Sí; el muchacho era prematuro. En primavera ya estaba recogiendo su cosecha. El pulso y la pasión de la juventud palpitaban en él, pero ya empezaba a tener conciencia de sí mismo. Era algo delicioso observarle. Su bello rostro y su alma hermosa hacían de él un ser maravilloso. ¿Qué importancia podía tener el fin de todo aquello o el que estuviera destinado a un fin? Era como una de esas gráciles figuras de un cortejo imponente o de una comedia, cuyas alegrías parecen estar muy lejos de nosotros, pero cuyas tristezas excitan nuestro sentido de la belleza y cuyas heridas son comas rosas rojas.

¡Alma y cuerpo, cuerpo y alma! ¡Qué insondables misterios! También el alma tenía su animalidad y el cuerpo sus momentos de espiritualidad. Los sentidos podían purificarse y la inteligencia podía degradarse. ¿Quién podría decir dónde acaba el impulso carnal y dónde comienza el impulso psíquico? ¡Qué superficiales las arbitrarias definiciones de los psicólogos! Y, con todo, ¡qué difícil decidir entre las pretensiones de las diferentes escuelas! ¿Era el alma una sombra presa en la cárcel del pecado? ¿O bien el cuerpo estaba realmente en el alma, como sostenía Giordano Bruno? La separación del espíritu y la materia era un misterio, como también lo era la unión del espíritu y de la materia.

Comenzó a preguntarse si la psicología podría llegar a ser una ciencia tan absoluta alguna vez, que pudiéramos descubrir cada uno de los resortes de la vida. Mientras tanto, nos equivocábamos a cada paso respecto a nosotros mismos y, en contadas ocasiones, podíamos comprender a los demás. La experiencia no tenía valor ético alguno. Era sencillamente el nombre que da el hombre a sus errores. Por regla general, para los moralistas ha sido una especie de advertencia y han pretendido que ella tenía cierta eficacia moral en la formación del carácter. Por ello la han encomiado como algo que nos señala lo que se debe seguir y muestra lo que hay que evitar. Pero la experiencia carecía de toda fuerza motriz, y como causa activa era tan insignificante como la misma conciencia.
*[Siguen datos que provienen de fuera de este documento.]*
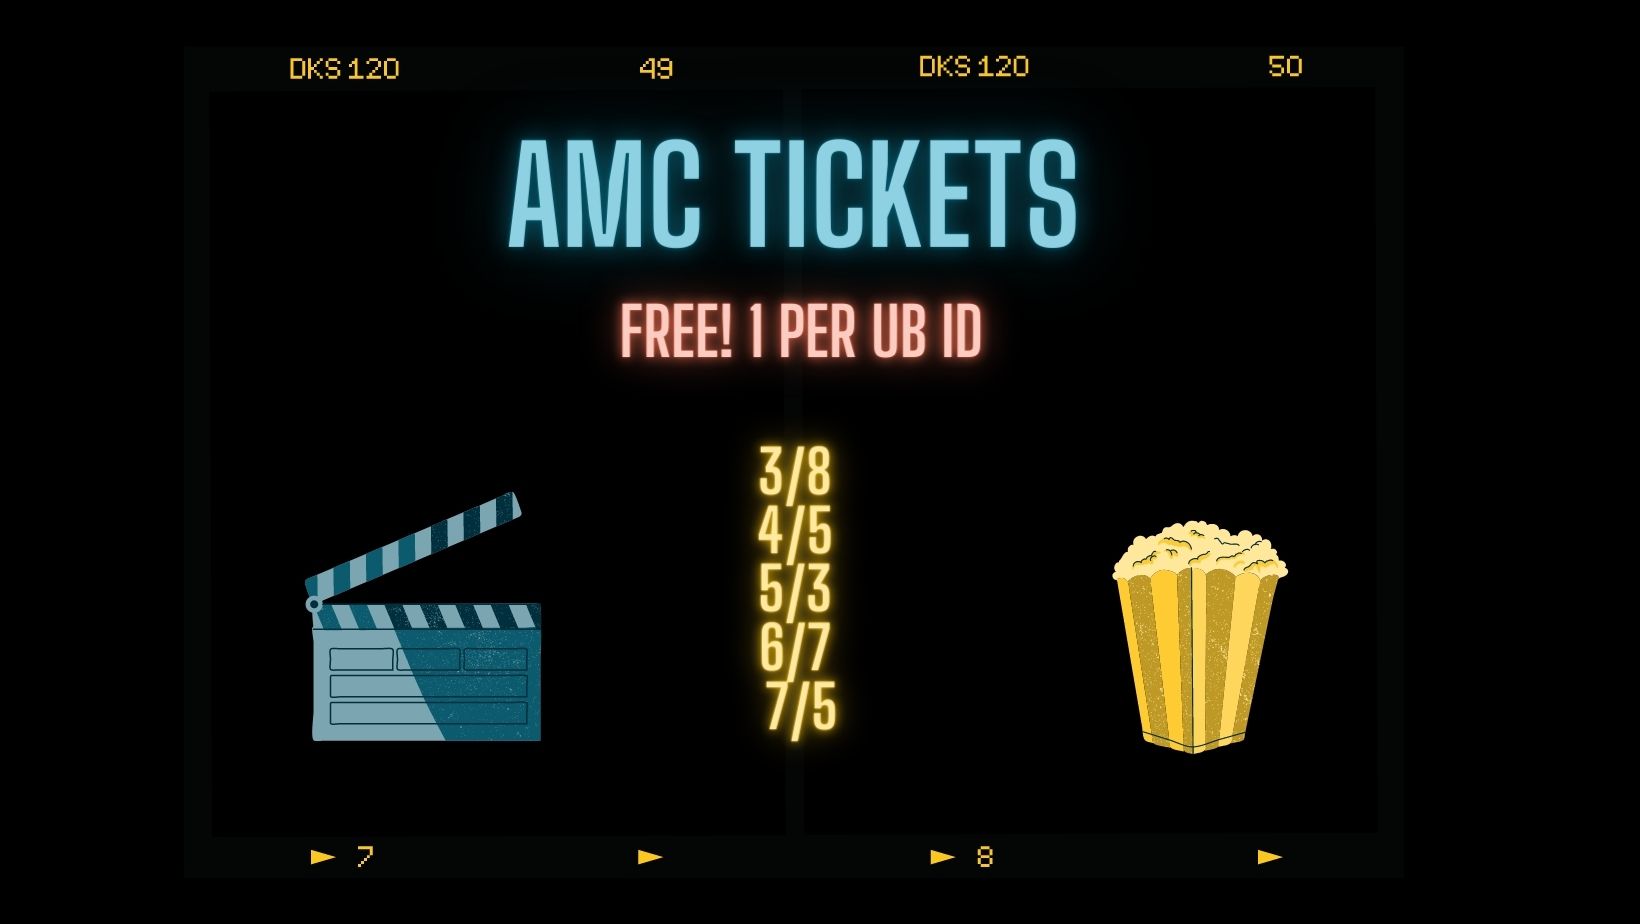 Free Amc Movie Tickets Available Graduate Student Association

Todo lo que demostraba en realidad se reducía a que nuestro futuro sería igual a nuestro pasado y que el pecado que una vez cometimos con repugnancia, lo cometeríamos más tarde una porción de veces con alegría.
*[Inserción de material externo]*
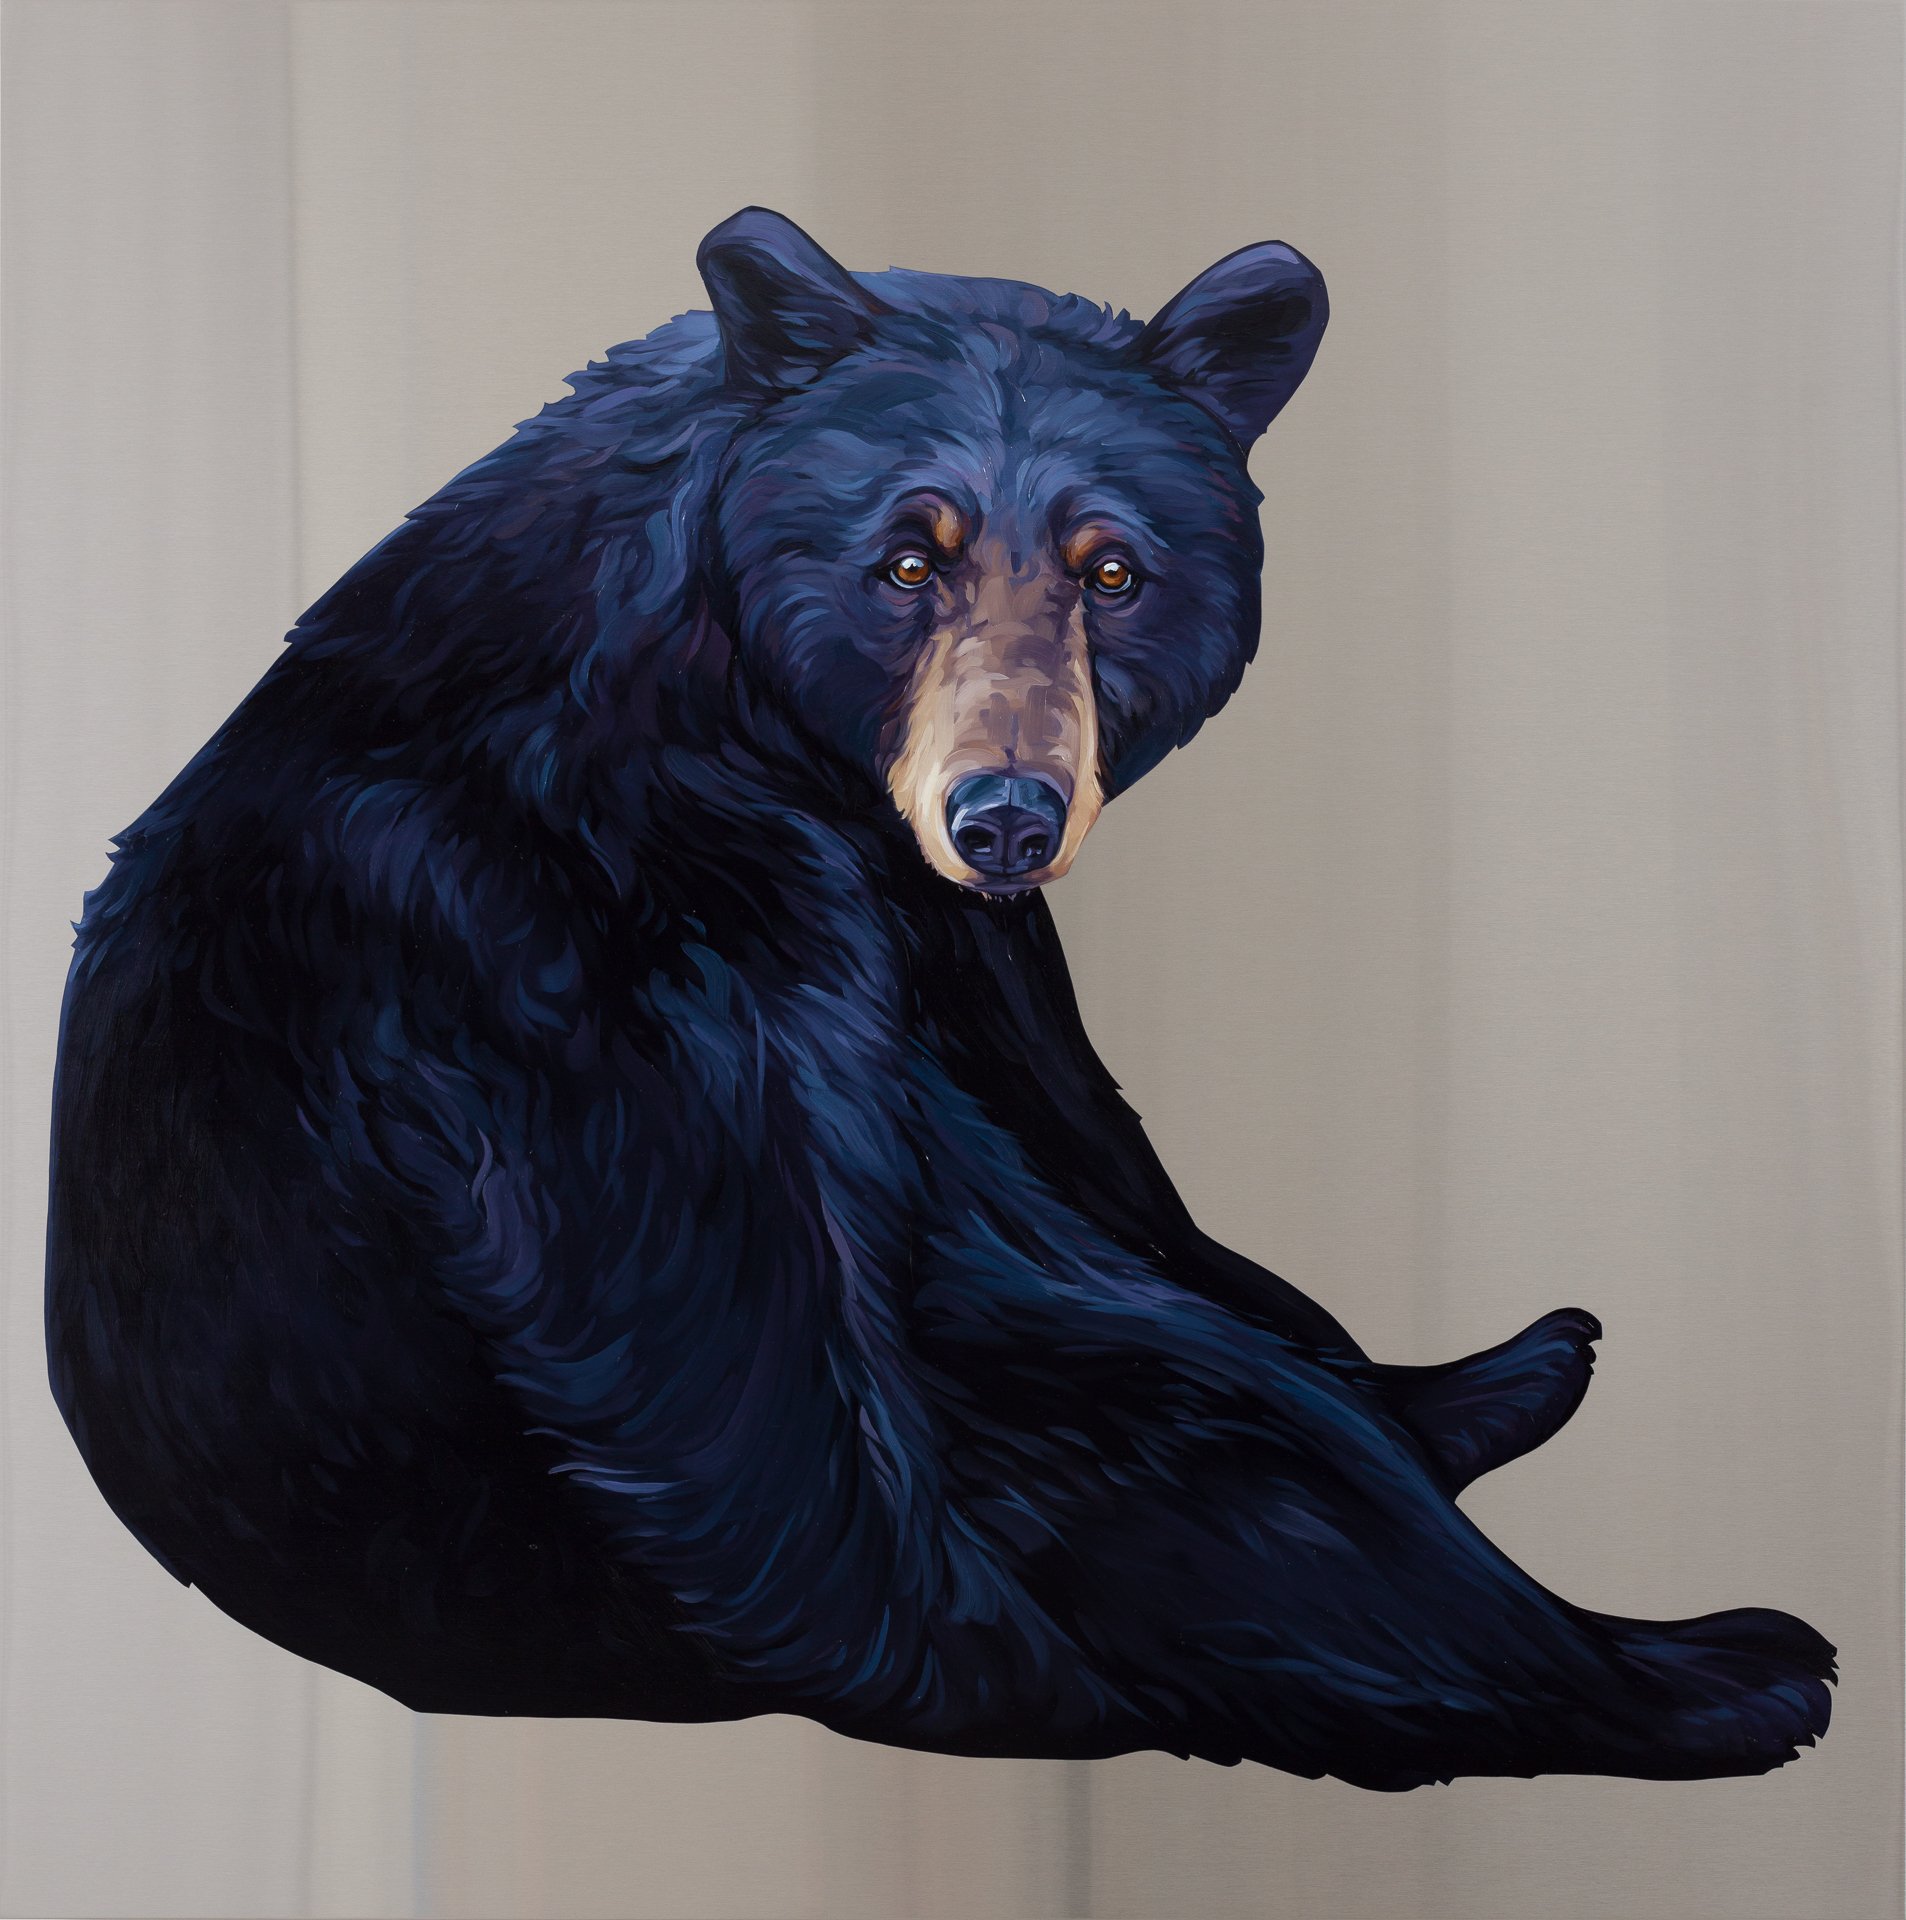  Black Bear. Oil on stainless steel, 40in x 40in

Para él estaba muy claro que el método experimental era el único que podía conducir a un análisis científico de las pasiones; y, en verdad, Dorian Gray era un sujeto para esto que ni hecho a la medida, por lo que Sibyl Vane era un fenómeno psicológico de no escaso interés. Sin duda alguna la curiosidad había influído mucho en esto, así como el deseo de nuevas experiencias; pero, sin embargo, no era una pasión simple, sino bien compleja. Lo que en ella hubiera de instinto puramente sensual de la pubertad, había sido transformado por obra de la imaginación y cambiado en algo que al propio Dorian le parecía muy alejado de los sentidos y, por esta razón, tanto más peligroso. Las pasiones sobre cuyo origen nos engañamos son las que nos tiranizan con mayor dureza. Los más débiles motivos son aquellos. de cuya naturaleza no nos damos cuenta. A menudo sucede que cuando creemos que estamos haciendo una experiencia sobre los demás, en realidad la estamos haciendo sobre nosotros mismos.
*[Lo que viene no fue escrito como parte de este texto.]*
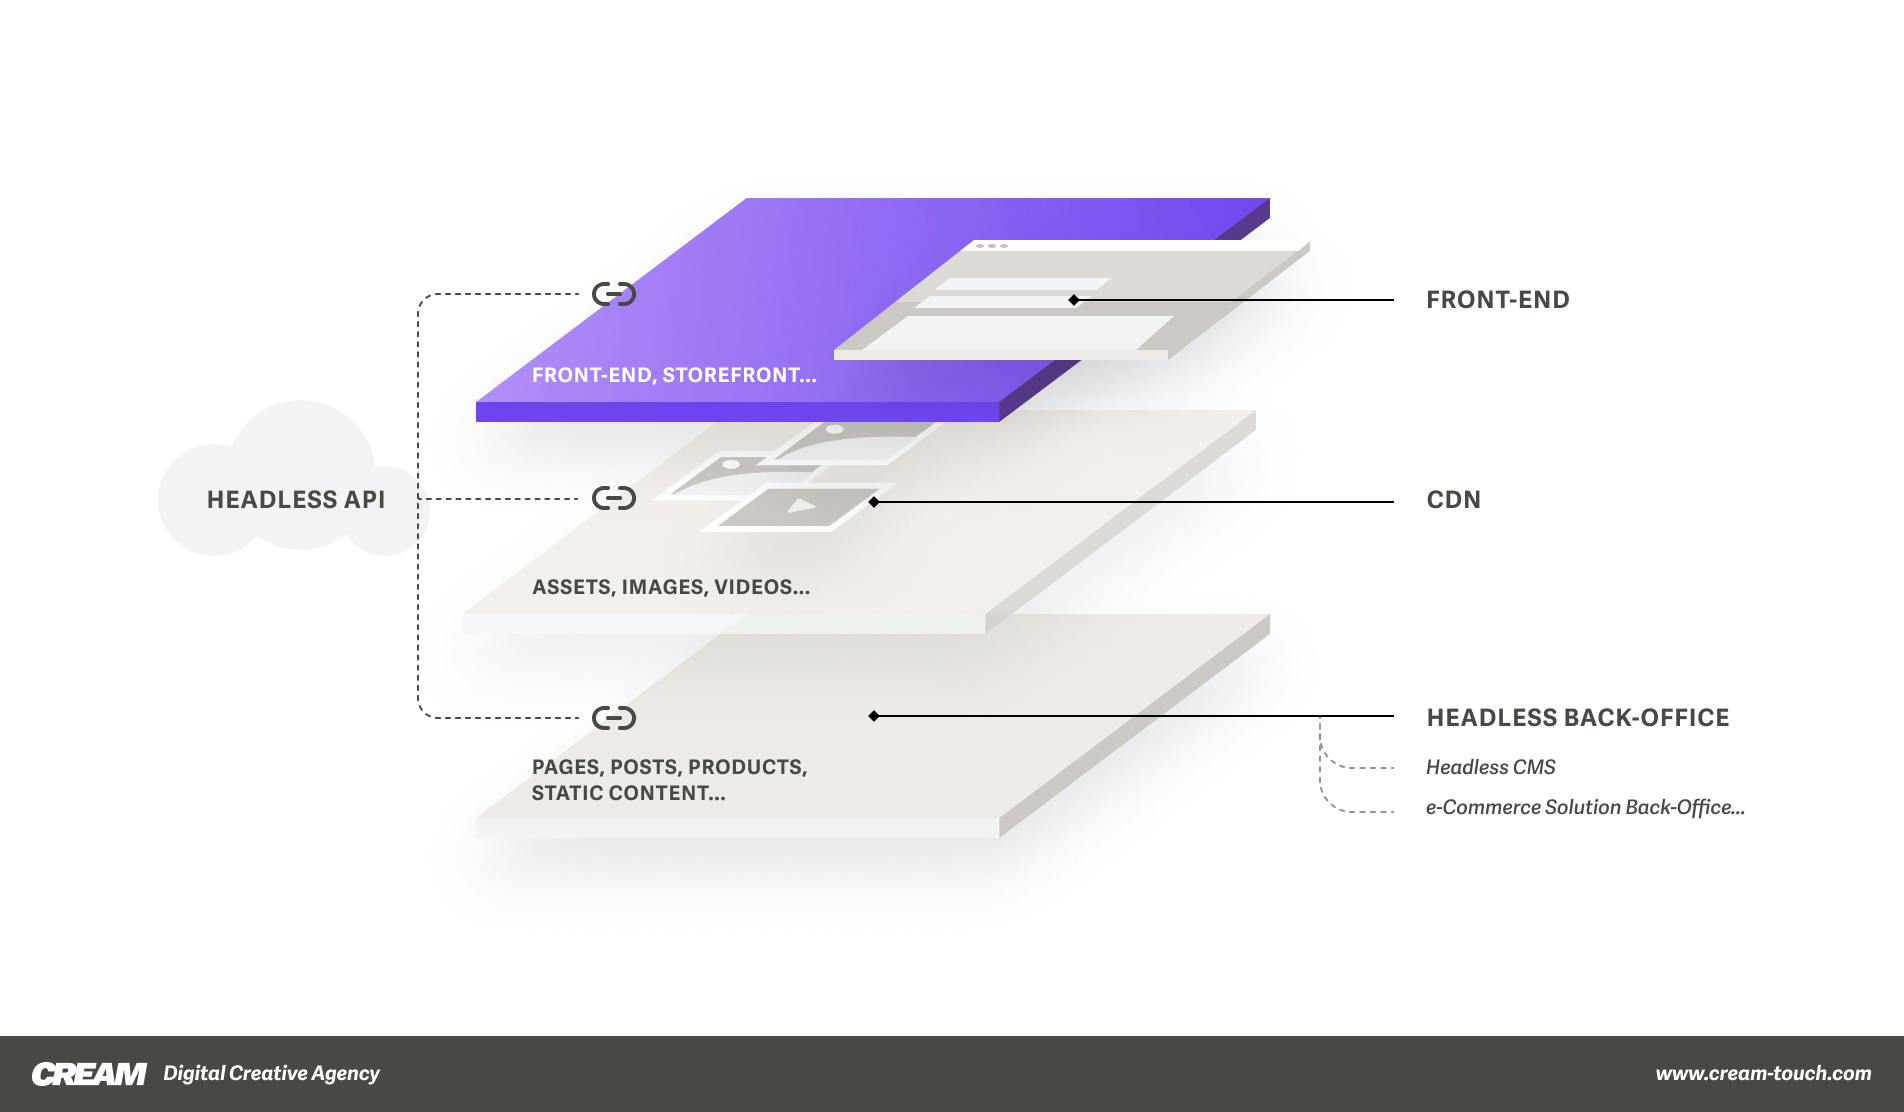 CREAM Headless solution architecture diagram simplified

Lord Henry continuaba sumido en estas reflexiones cuando, tras de llamar a la puerta, entró su ayuda de cámara para recordarle que ya era hora de vestirse para la cena. Se puso en pie, entonces, y echó una mirada a la calle. La puesta del sol ponía un aro escarlata en las altas ventanas de las casas de enfrente. Sus cristales refulgían como placas de metal candente. Arriba, el cielo parecía una rosa mustia. Entonces pensó en la juventud encendida de su amigo y se preguntó a sí mismo cómo acabaría todo aquello.

Al llegar a su casa, a eso de las doce y media, se encontró con un telegrama sobre la mesa del vestíbulo. Lo abrió y vio que era de Dorian Gray. En él le decía que había dado palabra de casamiento a Sibyl Vane.